§ **Problem description**:
Leaving the pictures aside, repeat each line below exactly.

§ **Material provided**:
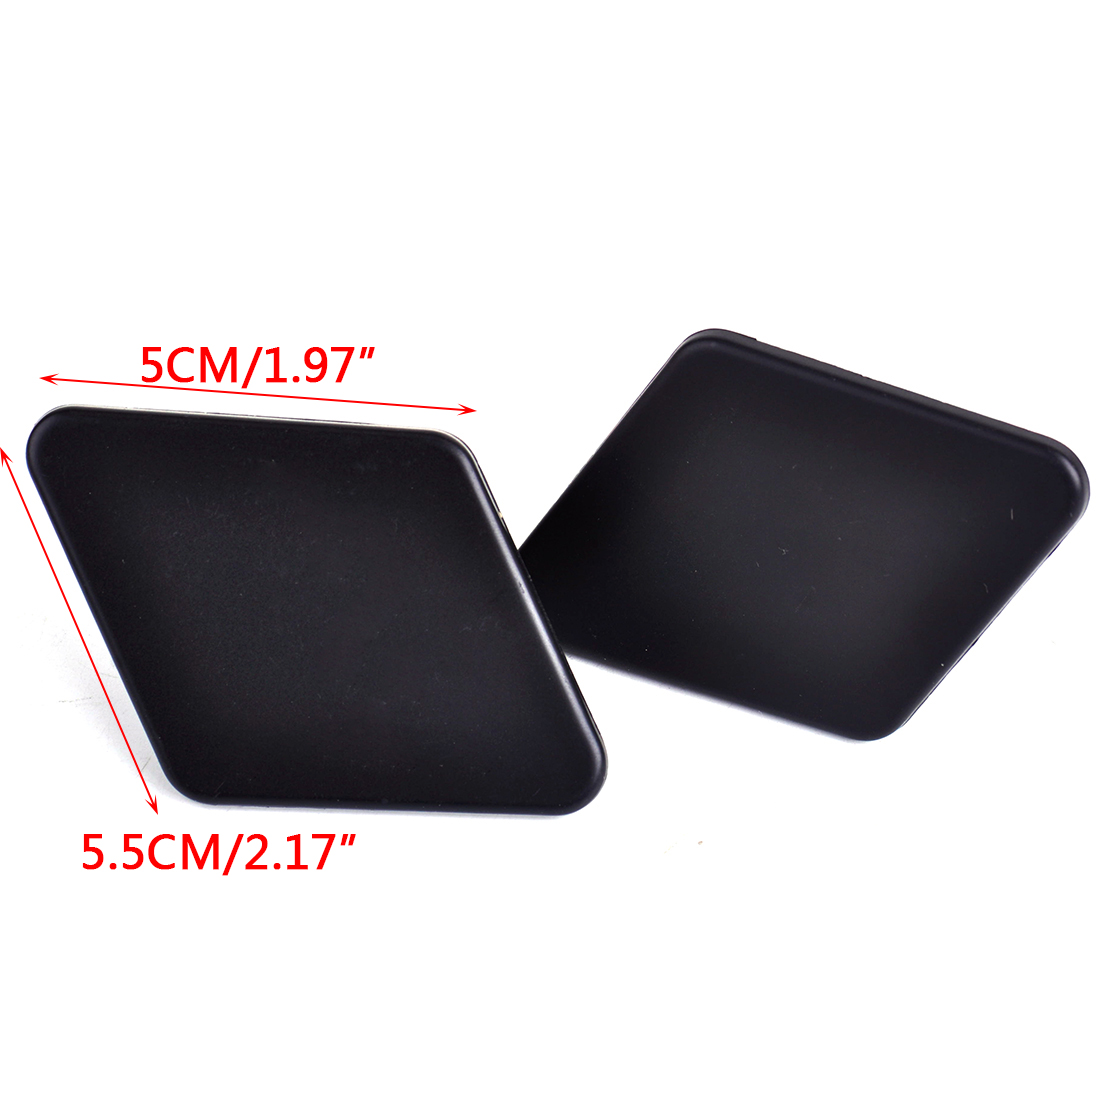 2pcs bumper headlight washer nozzle cover cap fit for bmw. Black Bedroom Furniture Sets. Home Design Ideas
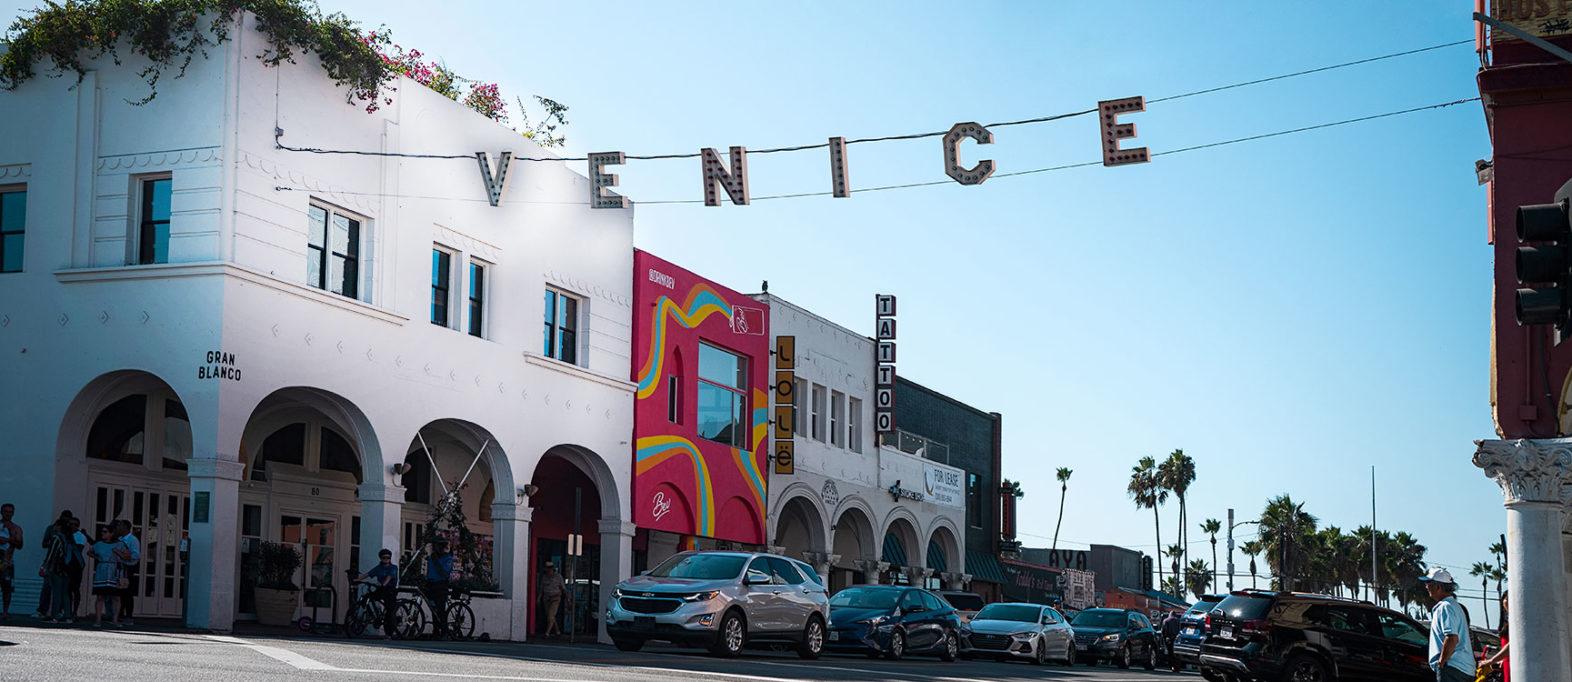 Venice Sign Los Angeles
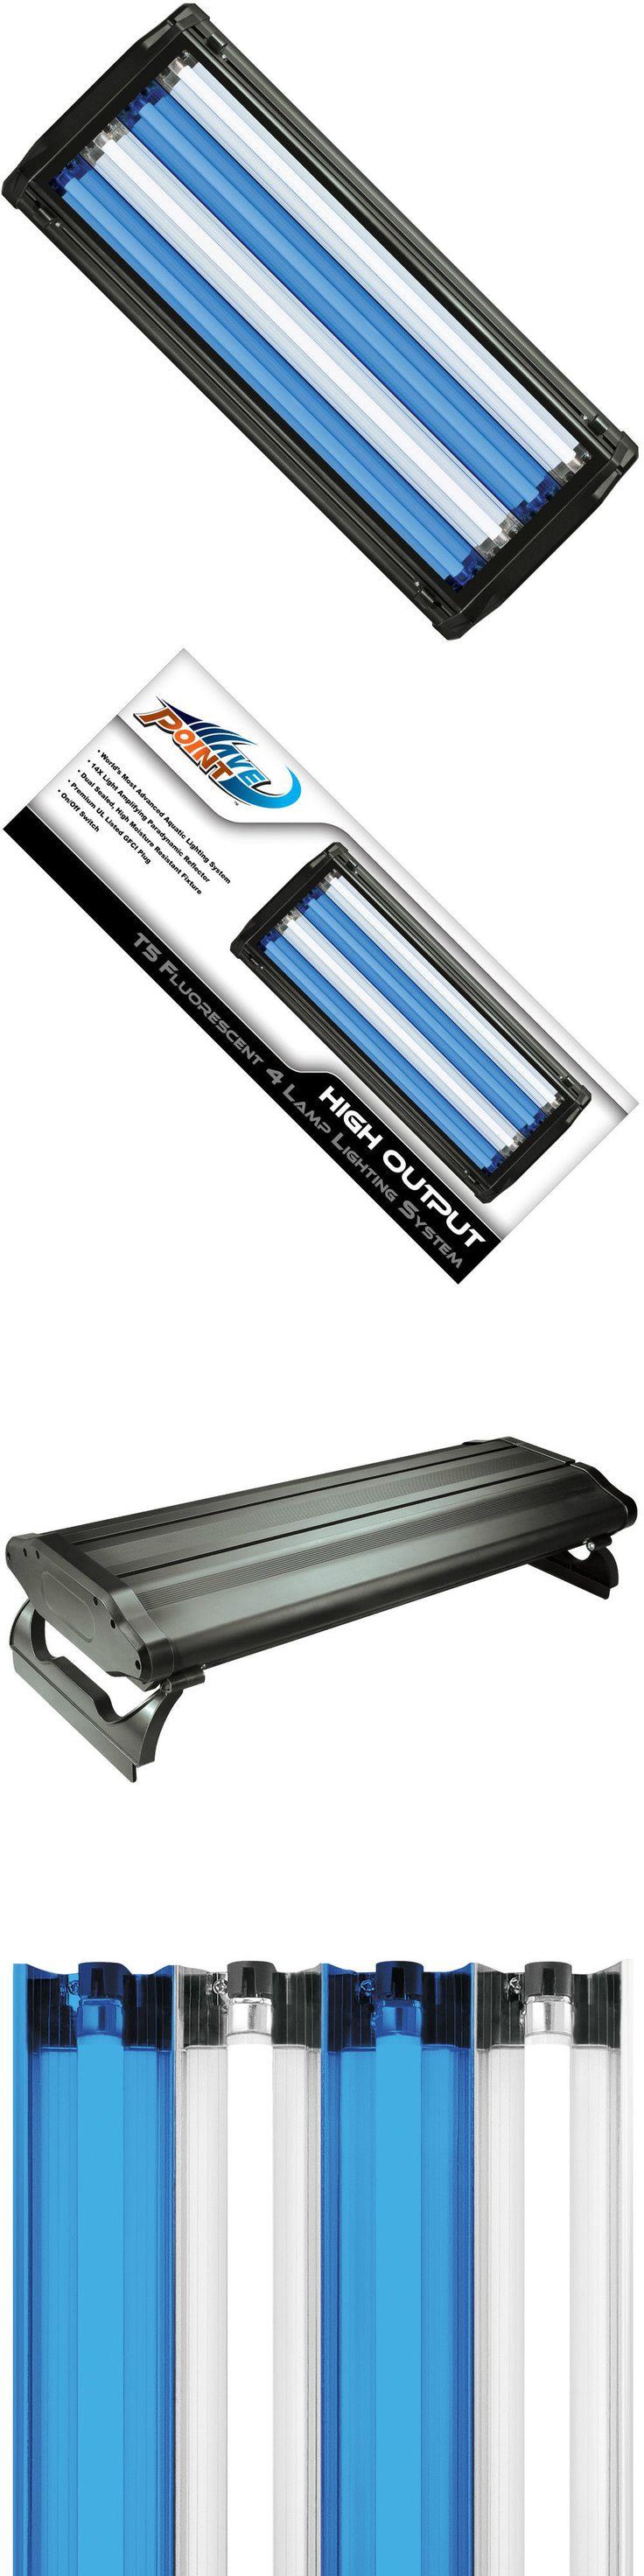 Lighting and Bulbs 46314: Wave Point Aquarium Fish Tank 96-Watt 4X 24W 24 Ho T5 4-Lamp Light Water Resist -> BUY IT NOW ONLY: $130.99 on eBay!

§ **Exercise output**:
 2pcs bumper headlight washer nozzle cover cap fit for bmw. Black Bedroom Furniture Sets. Home Design Ideas
 Venice Sign Los Angeles
 Lighting and Bulbs 46314: Wave Point Aquarium Fish Tank 96-Watt 4X 24W 24 Ho T5 4-Lamp Light Water Resist -> BUY IT NOW ONLY: $130.99 on eBay!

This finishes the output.